Introducing the Open Knowledge Format: Why It Matters for AI-Ready Businesses

A professional, lifelike photo of a modern technology growth engineering meeting reviewing structured files and data schema metadata on a dashboard

Google Cloud's new open spec, OKF, formalizes the "LLM-wiki" pattern into a portable, vendor-neutral standard for the knowledge AI agents actually need. Here's what it is, why it's a milestone, and what it means for any business that wants to be readable by machines.

1. The short version

On June 12, 2026, Google Cloud introduced the Open Knowledge Format (OKF), an open specification for representing the metadata, context, and curated knowledge that modern AI systems and agents need to do their jobs. The headline idea is deliberately unglamorous, and that's its strength: OKF v0.1 represents knowledge as a directory of markdown files with YAML frontmatter, plus a small set of agreed-upon conventions so that knowledge written by one team or tool can be read by a different team's agents without any translation layer. No new runtime, no required SDK, no proprietary account, just markdown, files, and a little structured frontmatter.
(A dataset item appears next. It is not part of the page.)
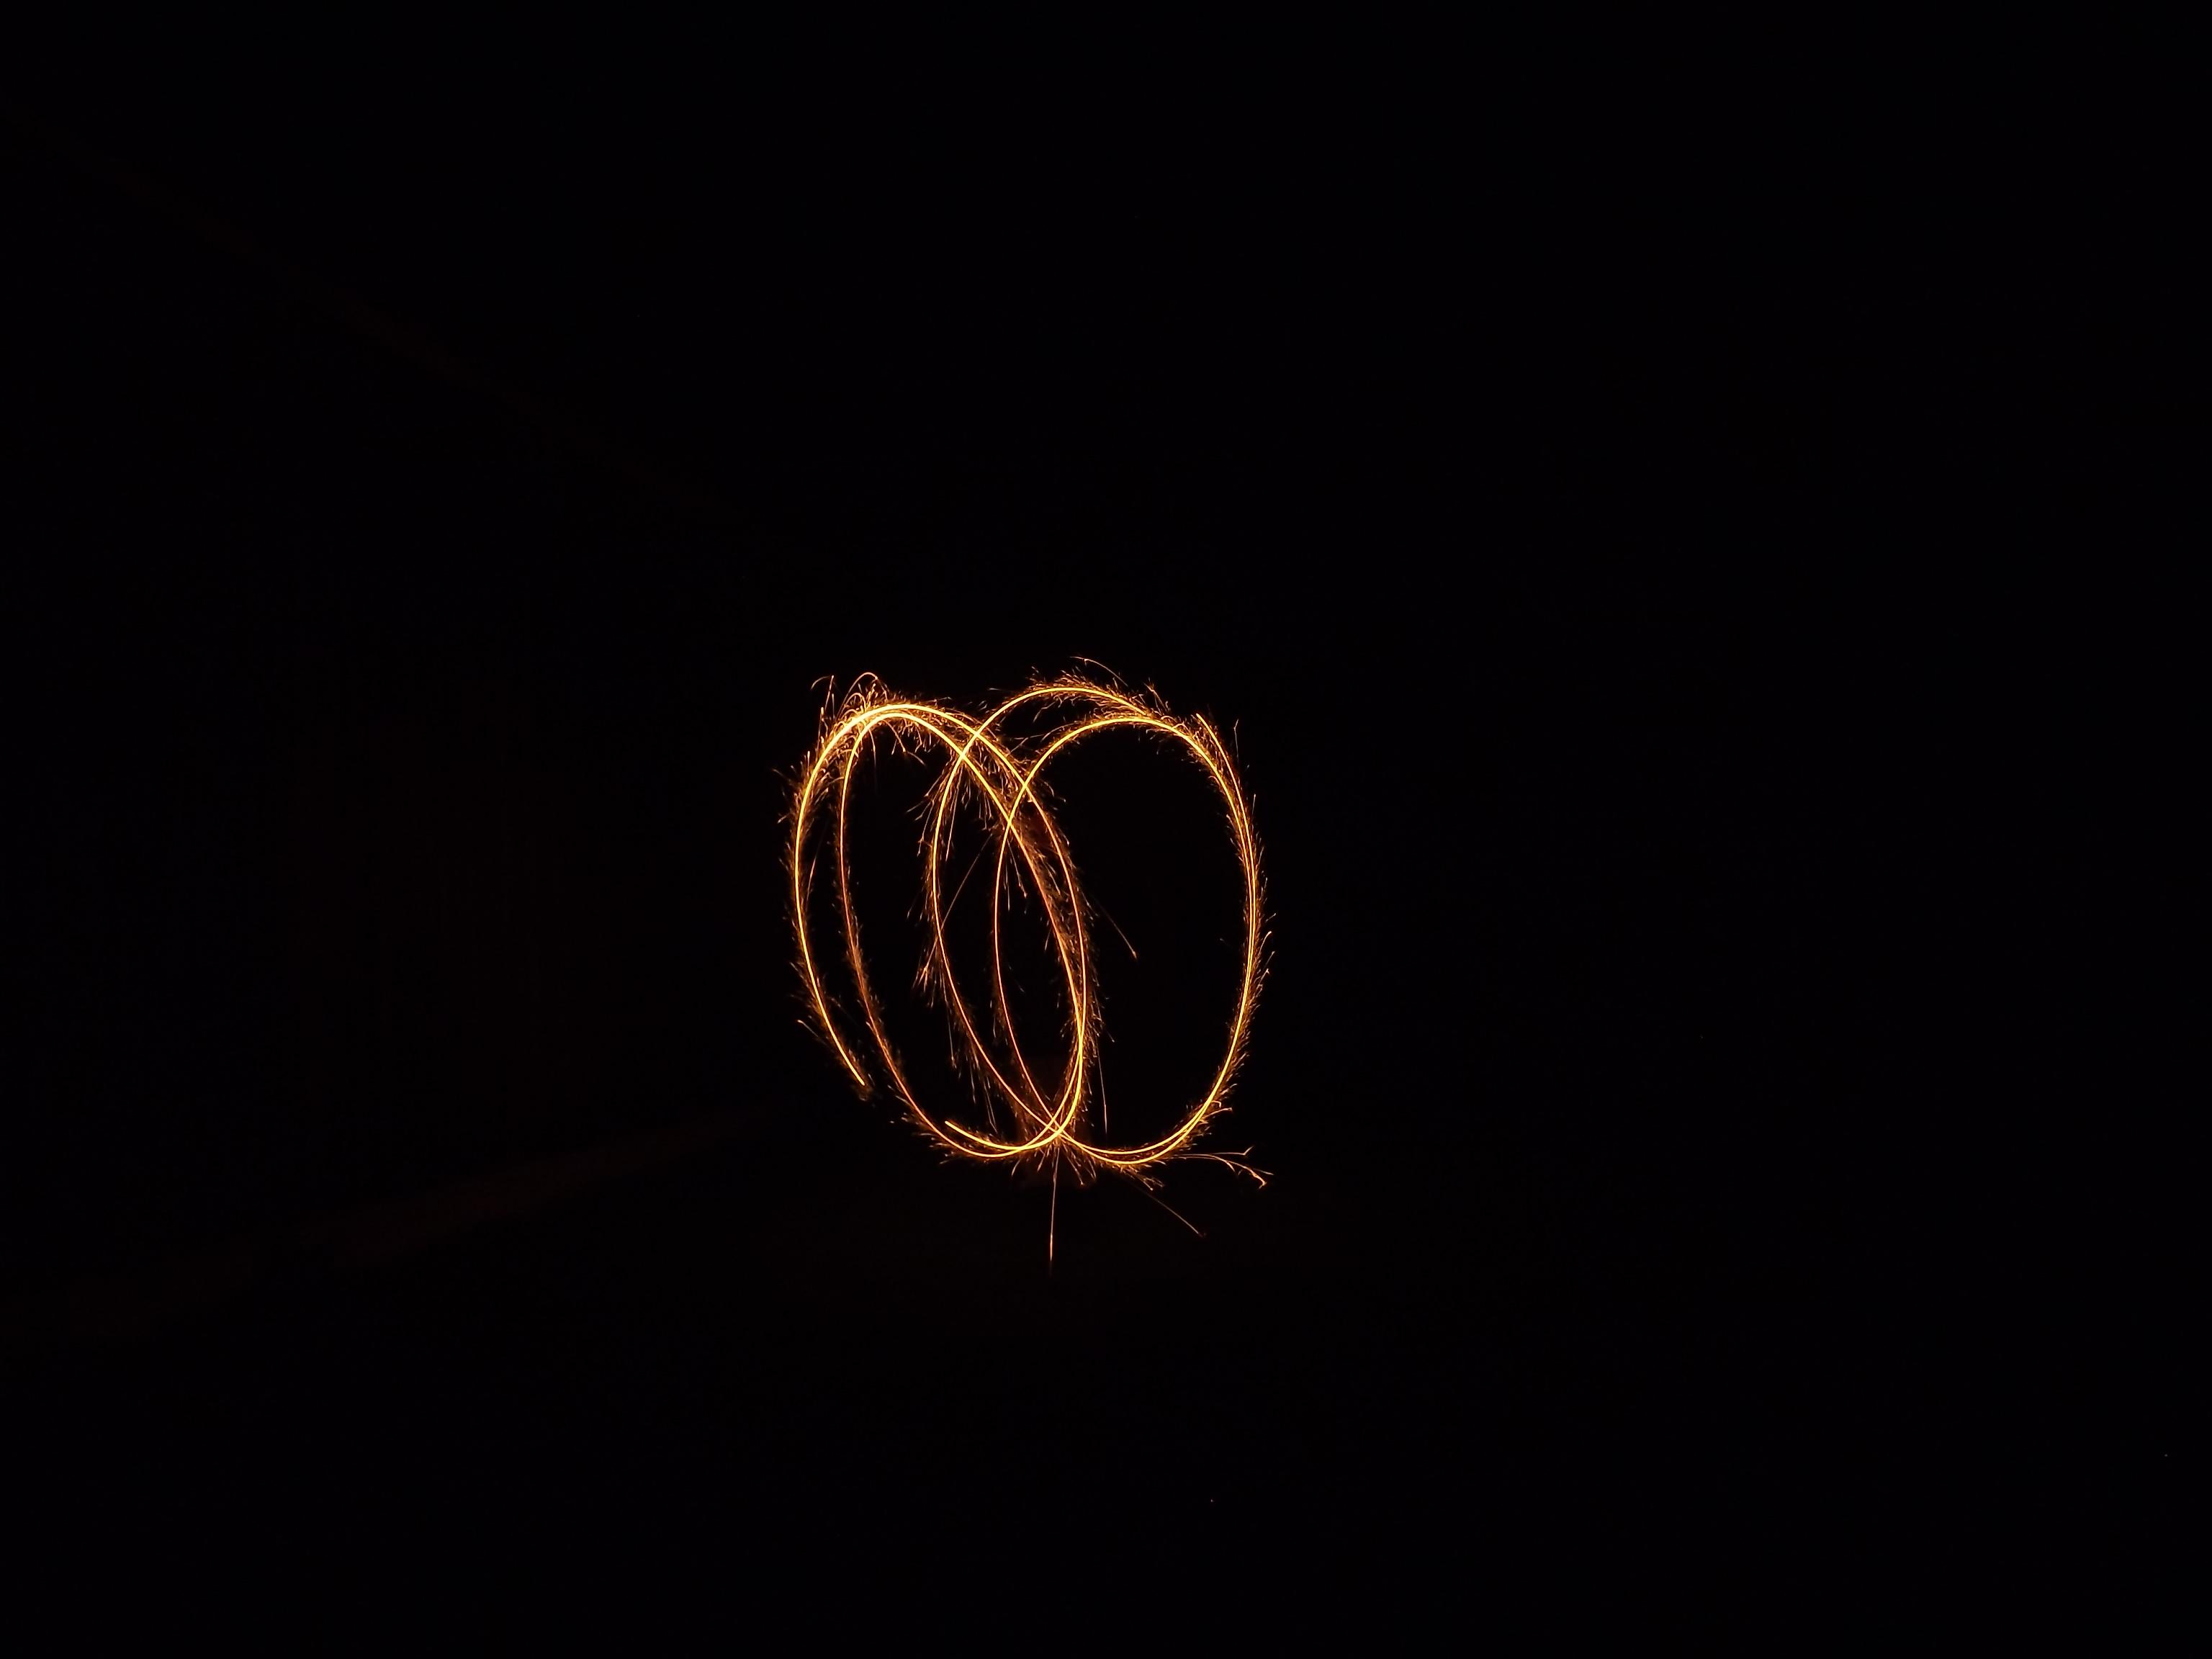 4566-feuer-ring-doppel-ueberschnitten

If you've used Obsidian, Notion, Hugo, or the wave of AGENTS.md / CLAUDE.md convention files that emerged over the past year, the shape will feel familiar. What OKF adds is interoperability: a common answer to "what fields should every knowledge document carry, and what do the filenames mean?" so these patterns can finally cooperate instead of each being bespoke. For any business thinking seriously about being usable by AI, this is a meaningful moment, because it points at where machine-readable knowledge is heading, and it's a direction that rewards the businesses already structuring their content for machines to consume.

2. The problem OKF solves: a fragmented context landscape

Foundation models are powerful but context-starved. As Google Cloud's announcement frames it, the lack of relevant context often limits what models can do, especially as they're used to build agentic systems, they can write code, summarize a document, or analyze a dataset, but only if they have the right information in front of them. And in most organizations, the information that matters is internal knowledge: the schema of a table, what a metric actually means to your business, the runbook for an incident, the join paths between two systems, the deprecation notice for an old API.

The trouble is where that knowledge lives. Today it's scattered across mutually incompatible surfaces: metadata catalogs with their own APIs, wikis and shared drives, code comments and docstrings and notebook cells, and, candidly, the heads of a few senior people. When an AI agent needs to answer something like "How do I compute weekly active users from our event stream?", it has to assemble the answer from those scattered, incompatible sources. Every agent builder ends up solving the same context-assembly problem from scratch, every catalog vendor reinvents the same data models, and the knowledge itself stays locked behind whatever tool created it. That fragmentation, not a shortage of knowledge, is the bottleneck OKF targets.

3. What the Open Knowledge Format actually is

OKF is a way of writing knowledge down so that both humans and machines can read it, and so that it survives moving between systems. It formalizes what the AI researcher Andrej Karpathy crisply described as the LLM-wiki pattern, the idea that a living library of markdown notes is a natural home for the facts an AI system reasons over. Karpathy's observation is that the bookkeeping humans abandon, keeping a personal wiki updated, cross-references current, files in sync, is exactly what language models are good at: they don't get bored, don't forget to update a cross-reference, and can touch fifteen files in one pass.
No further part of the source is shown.